ASSIGNMENT:
Write out again, word for word, the lines below from the line that holds "Edible Mushrooms Art Print" through the line that holds "韩国污漫画 帝王App 第22话 不断刷新纪录的高潮 24", omitting pictures.

DATA FOR ANALYSIS:
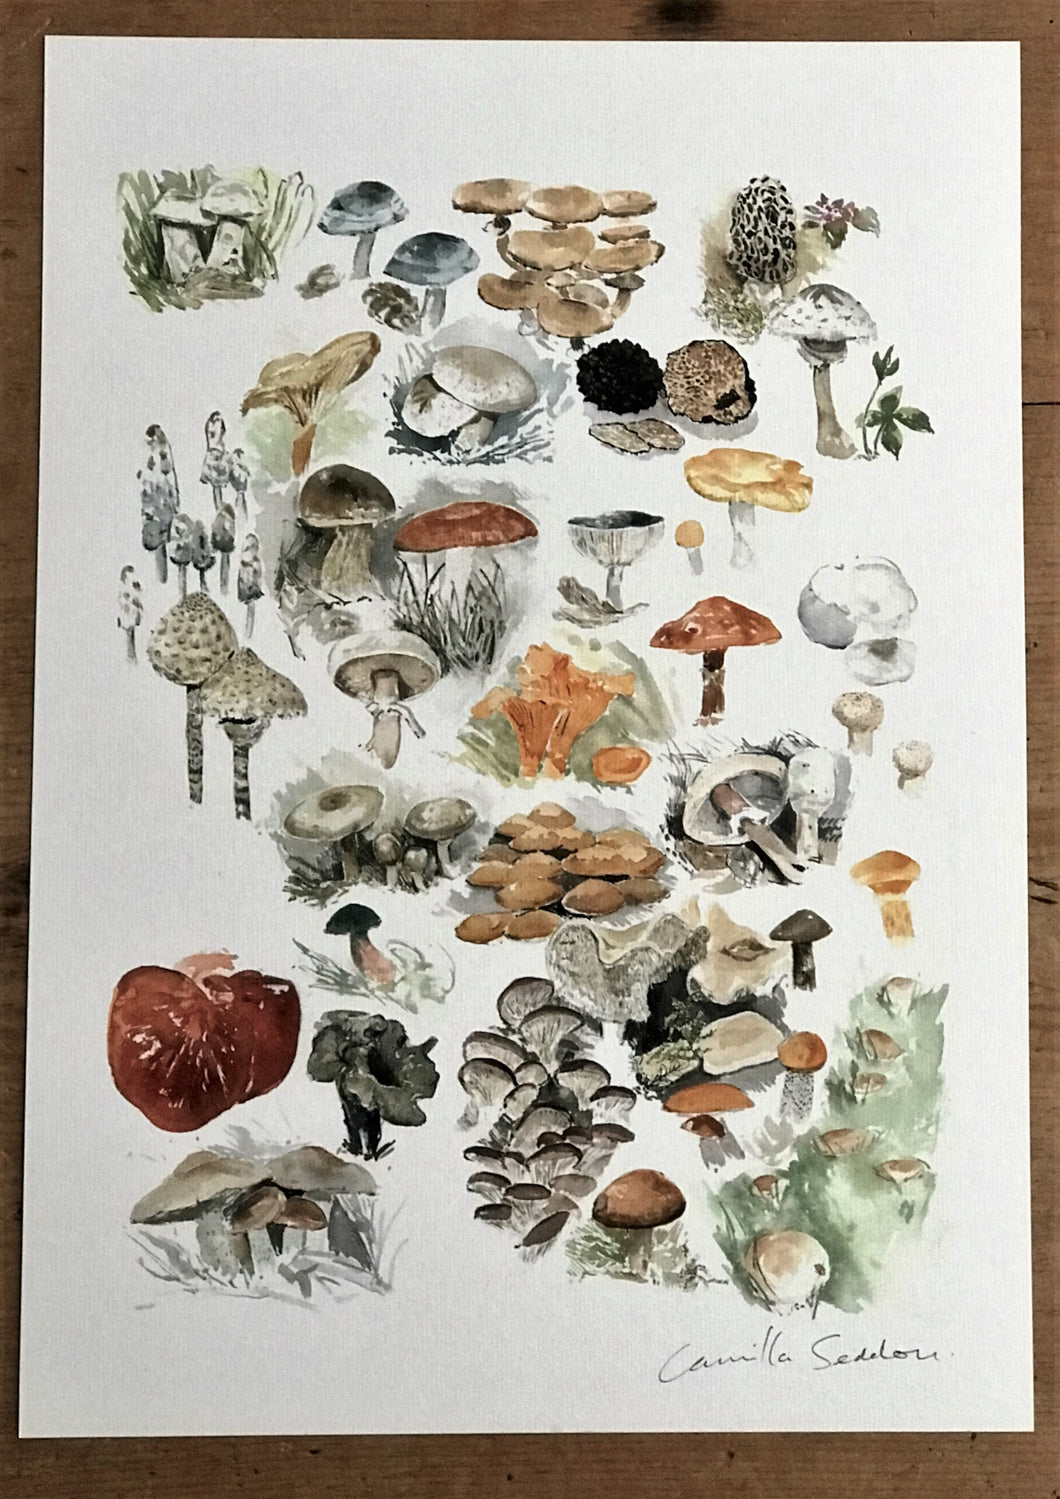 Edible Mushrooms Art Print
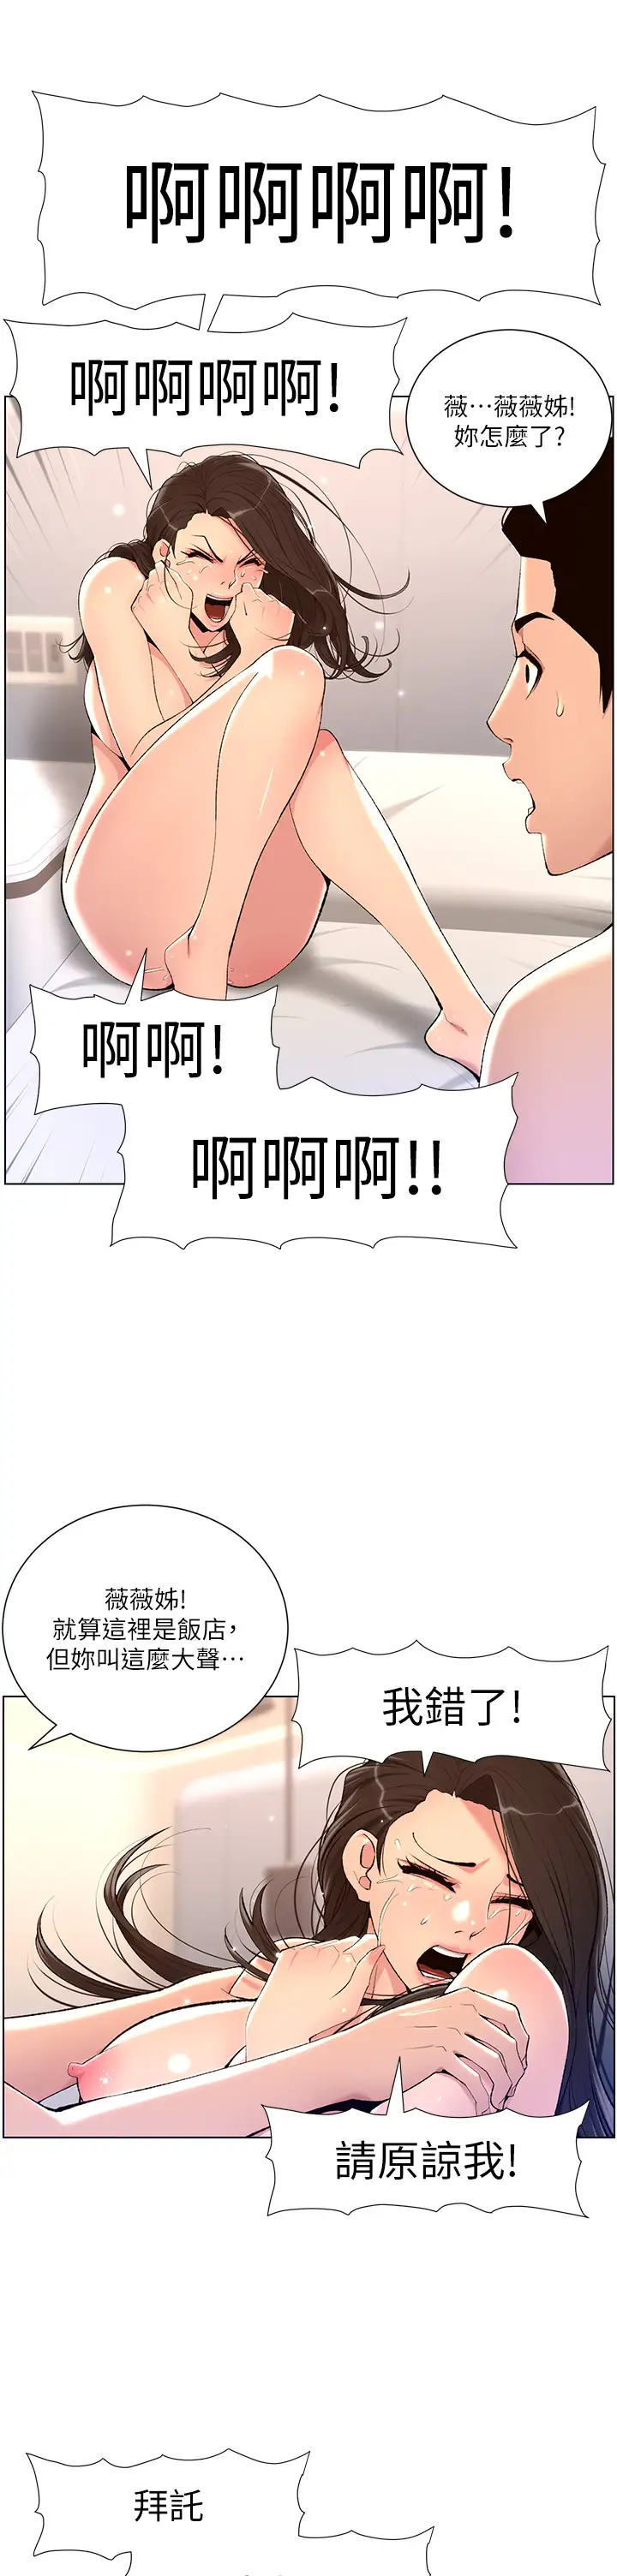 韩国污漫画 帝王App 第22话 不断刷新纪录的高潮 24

...

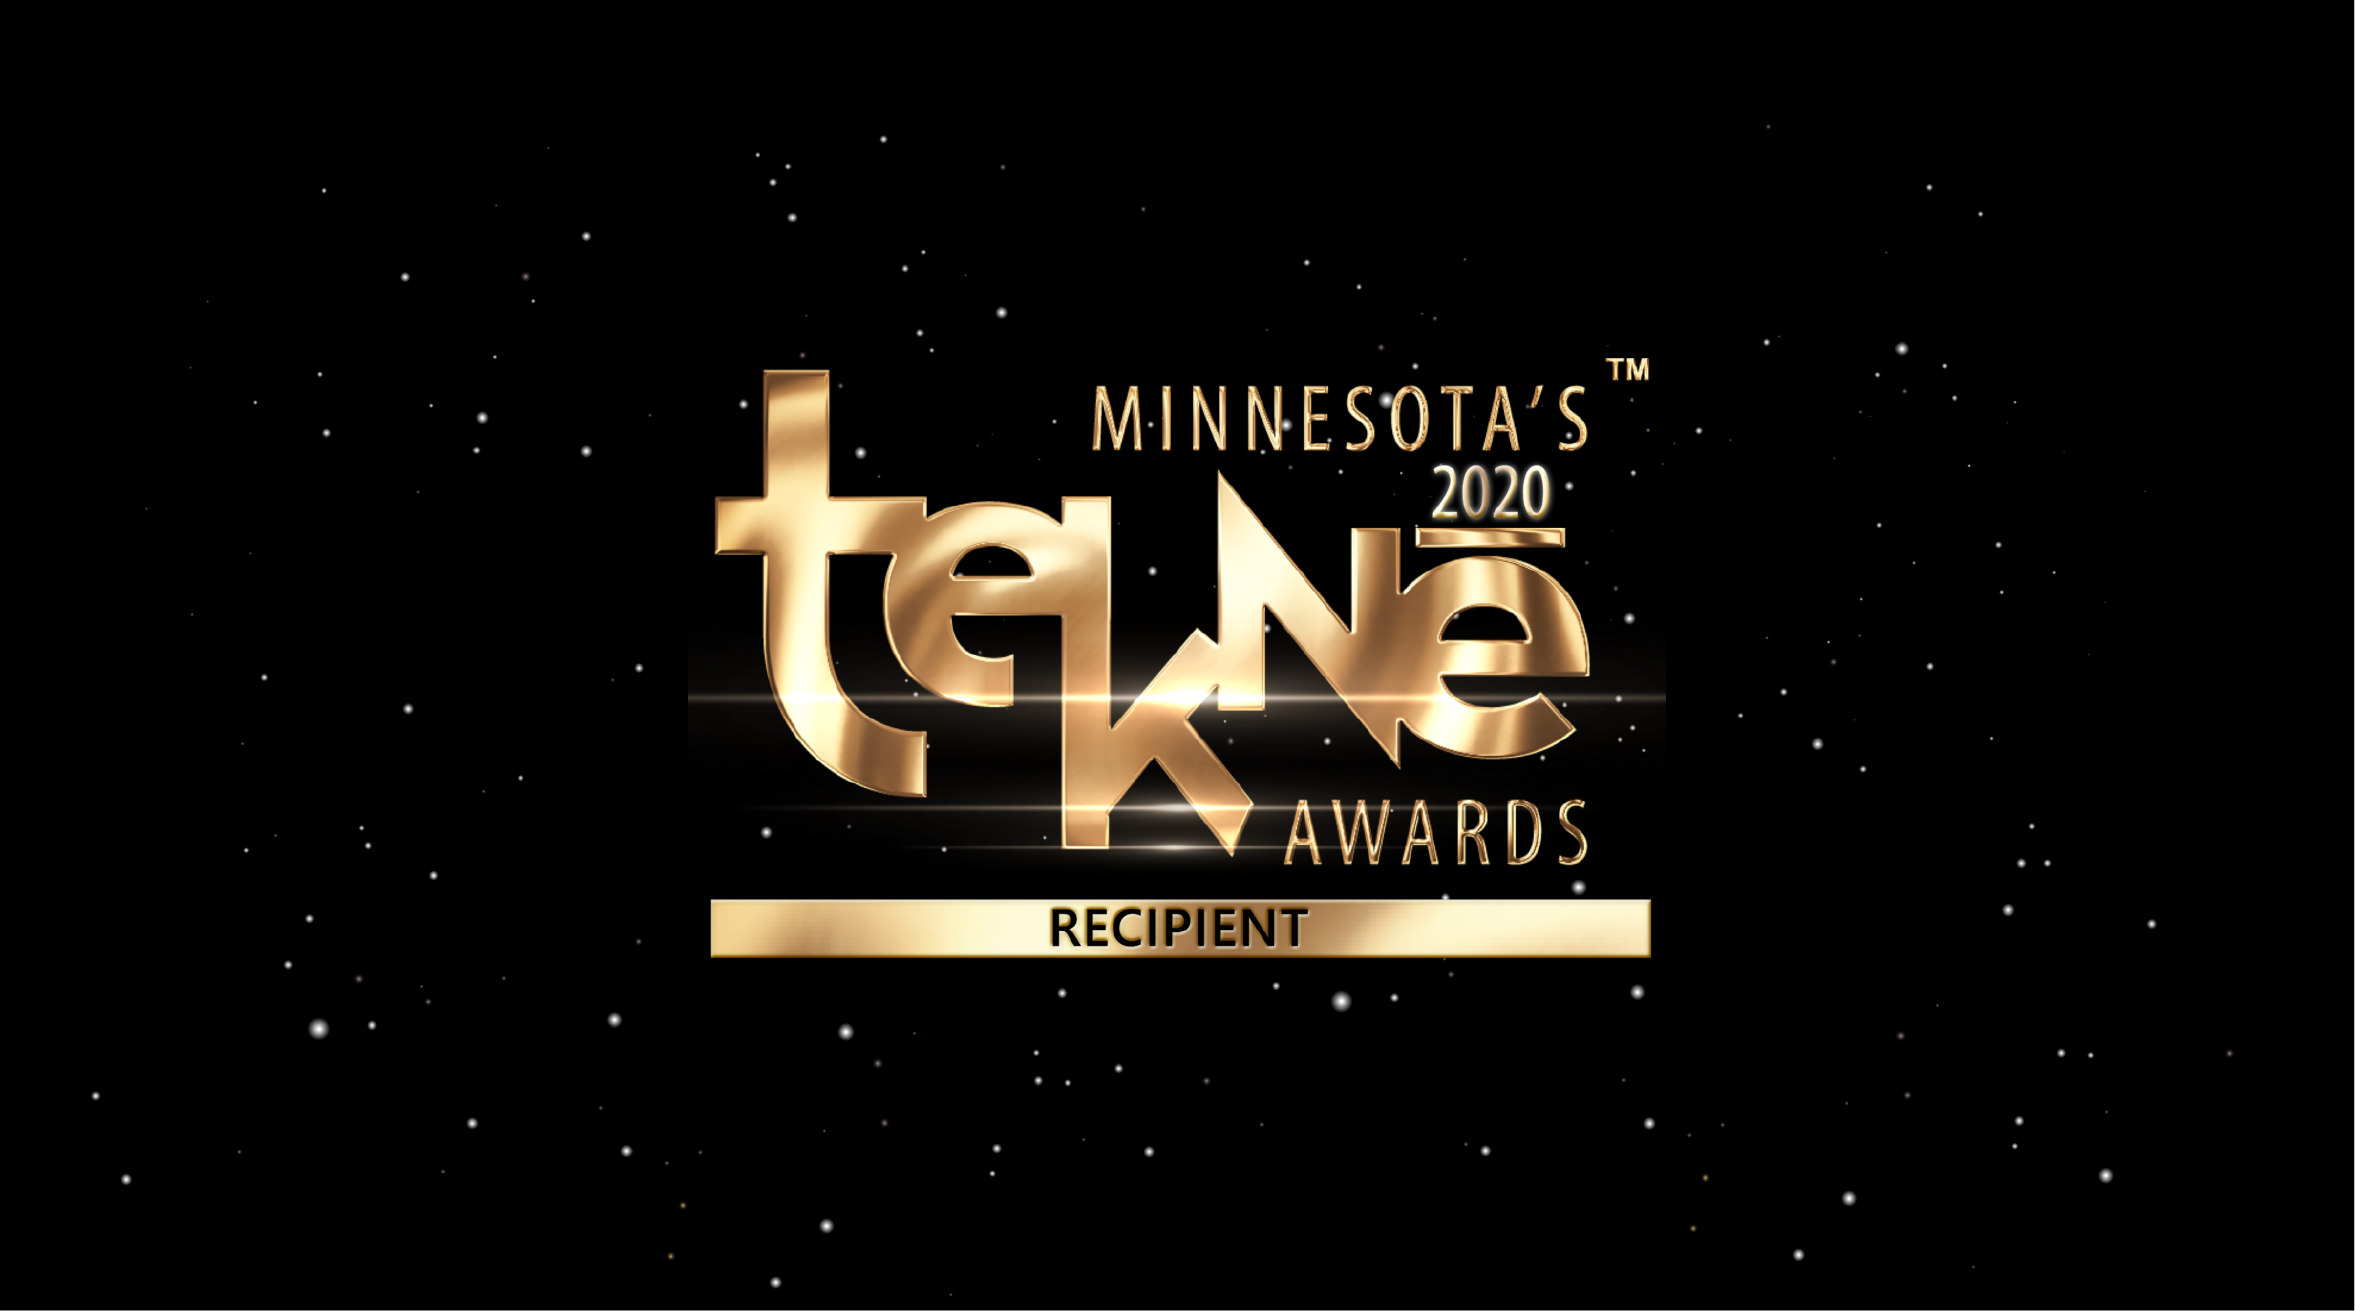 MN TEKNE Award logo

==

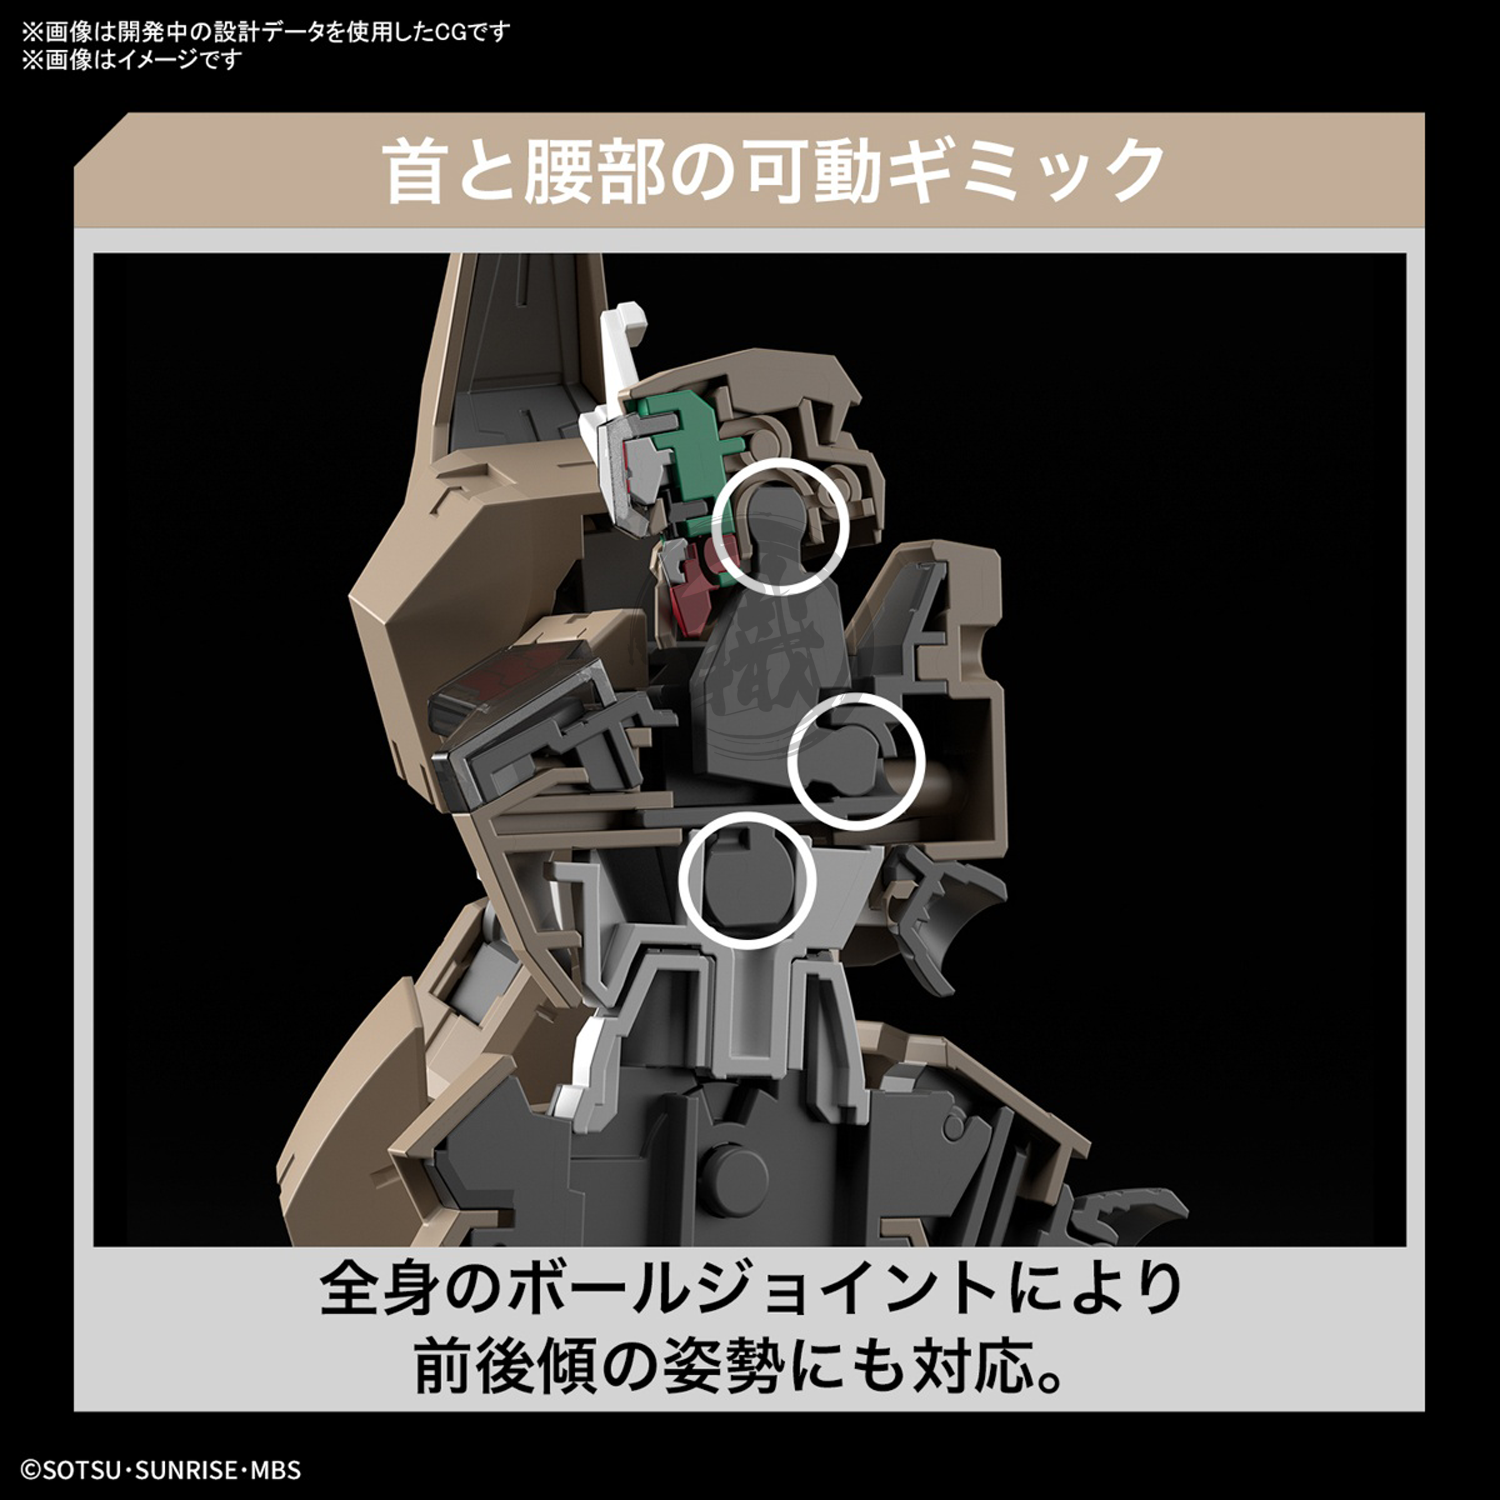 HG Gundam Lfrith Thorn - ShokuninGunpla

EXERCISE OUTPUT:
 Edible Mushrooms Art Print
 韩国污漫画 帝王App 第22话 不断刷新纪录的高潮 24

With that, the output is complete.